Мисс Свонсон, шагнув вперед, треплет ее по плечу.
— Господи, какая ты худая, девочка! — бормочет она про себя, нащупав кости под несоразмерными покровами шелка и плоти. Ее нереализованный материнский инстинкт сосредоточился на этой девушке, ее соотечественнице, которая, подобно ей самой, живет в этом несчастном месте изгнанницей, едва ли не пленницей. Она испытывает к Фриде собственнические чувства, желание защитить; она ревнует ко всякому, кто мог бы встать между ними. — Конечно, я рада, раз ты счастлива, — продолжает она. — Я только боюсь, что ты… что потом тебе будет хуже… когда твой муж уедет, ты будешь чувствовать себя еще более одинокой, чем прежде.
— А он и не собирается уезжать! — победоносно восклицает Фрида. — Он собирается остановиться в отеле у озера.
— Все равно, когда-нибудь ему придется вернуться в Англию.
— Тогда он возьмет меня с собой… я сумею его убедить… вот увидите. Я же теперь совсем здорова.

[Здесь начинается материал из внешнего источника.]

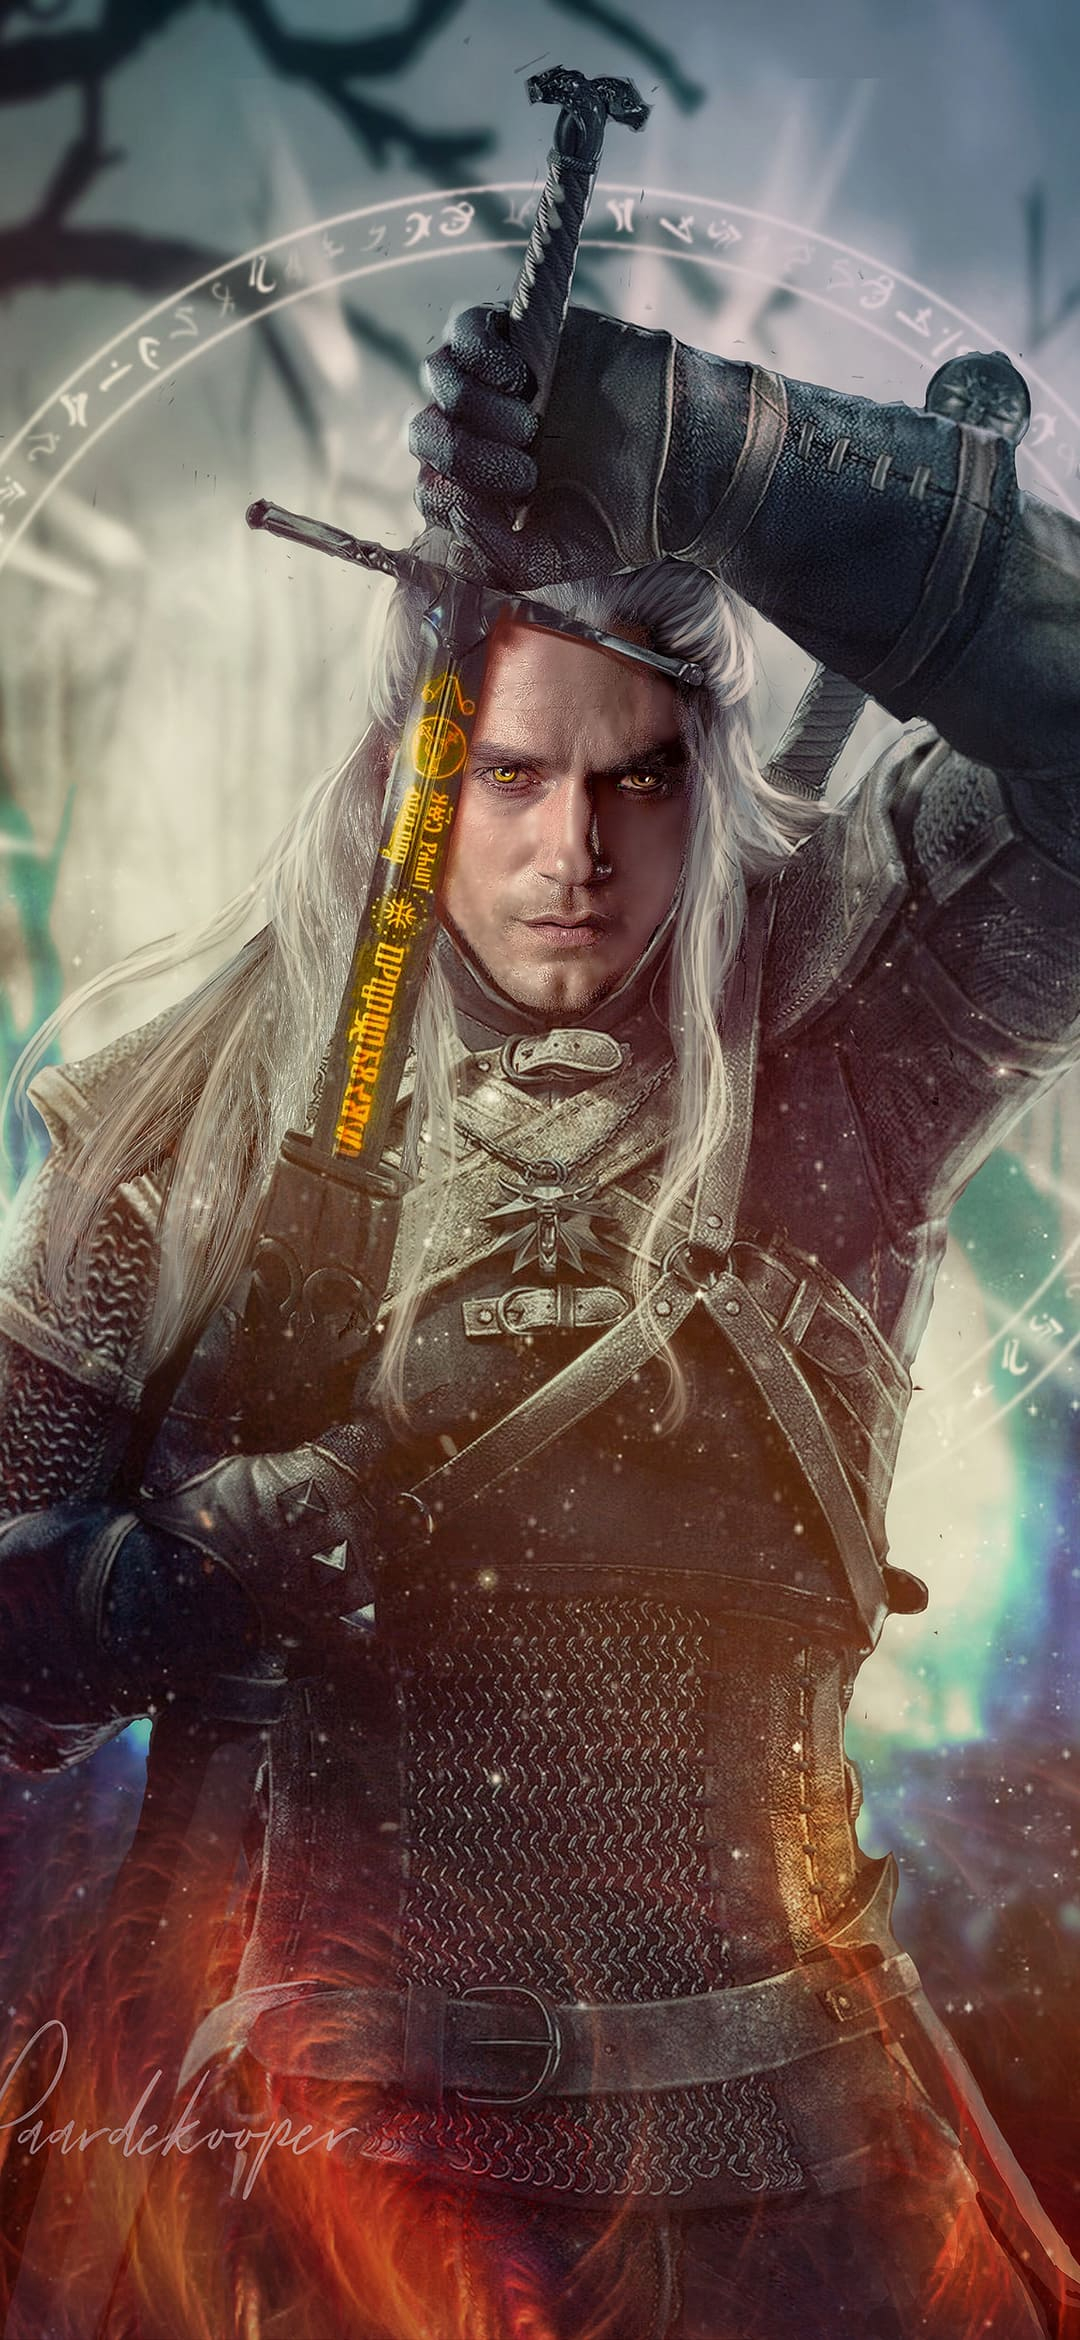 1080x2340 The Witcher Wallpapers Top 50 Best Witcher Backgrounds Download
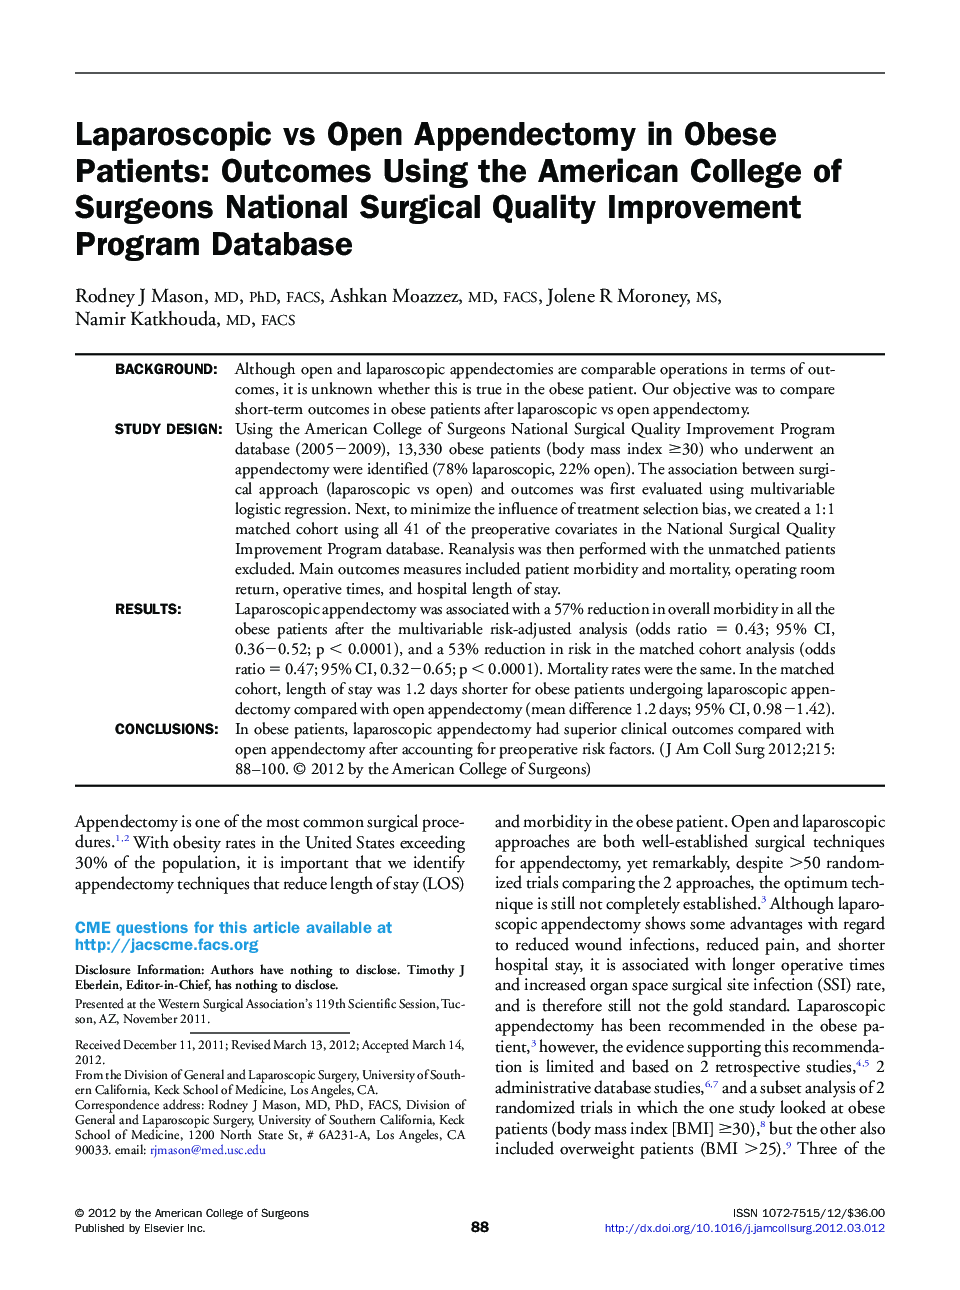 Laparoscopic vs Open Appendectomy in Obese Patients: Outcomes Using the American College of Surgeons National Surgical Quality Improvement Program Database

Ребяческое лицо вовсю улыбается, и у мисс Свонсон не хватает духу удержаться от улыбки в ответ. Однако она ничего не говорит, да и случай избавляет ее от такой необходимости — в этот самый момент на ступенях клиники появляется мистер Рашвуд. Он намного старше жены — возможно, больше чем вдвое; совершенно невозможно представить себе, как она могла за него выйти, настолько у него серьезное, подавляющее, едва ли не суровое лицо, увенчанное седыми волосами. Он скованно приближается в солнечном свете, походка у него прямо-таки деревянная — результат старого военного ранения в правую ногу. Фрида знакомит его со своей подругой, в ответ он улыбается, как директор школы, без теплоты. Да и голос его — голос учителя или духовника, властный и холодный.
— Ну, что говорят врачи? Рассказали они тебе, какой я была паинькой? — спрашивает Фрида, цепляясь за его руку и не сводя с него сияющего взгляда.
Он же, не отвечая на вопрос, советует ей сходить за шляпкой и сумочкой, поскольку машина придет с минуты на минуту.
Она убегает, словно послушный ребенок, и старшие остаются вдвоем в тени деревьев. Оба молчат. Мистер Рашвуд скованно стоит у стола, вид у него непроницаемый. Он занят своими мыслями; к тому же, несколько смущен оттого, что остался наедине с этой незнакомкой, которая, хоть и выглядит вполне прилично, в любой момент способна на какую-нибудь неприятную выходку. Мисс Свонсон изучает его глазами, спрятанными за темными линзами, взгляд ее весьма проницателен, несмотря ни на что. Вид его, кажется, не внушает ей доверия. Наконец она раскрывает зонтик, который сложила во время разговора с Фридой, и двигается прочь. Но тут внезапный импульс из тех, что столь редко возникают в ее скупом на эмоции стародевичьем сердце, заставляет ее повернуть назад и обратиться к этому непреклонному мужчине.
— Мистер Рашвуд, позвольте мне сказать одну вещь, которой я, по сути, не имею права говорить. Вы вполне можете указать мне на то, что будущее вашей жены меня не касается, и на это я отвечу лишь одно: только самая искренняя привязанность к ней побуждает меня вмешиваться в дела, не имеющие ко мне отношения. В течение последних нескольких недель я весьма близко познакомилась с Фридой, она доверилась мне, и я понимаю ее натуру. Возможно — простите мне эти слова — возможно, я понимаю ее лучше, чем вы. Я, разумеется, не знаю, какие у вас в ее отношении планы, но, мистер Рашвуд, я умоляю вас подумать — самым серьезным образом, очень тщательно — о том, подходит ли ей это место; не лучше ли будет забрать ее из среды, где она постоянно одинока и подавлена, где ей приходится видеть и слышать вещи, способные шокировать любую молодую девушку, в особенности такую чувствительную и нервную, как она. Если вы не заберете ее отсюда, когда будете уезжать, я всерьез обеспокоена тем, что с ней может произойти, — я всерьез обеспокоена, что это разобьет ей сердце.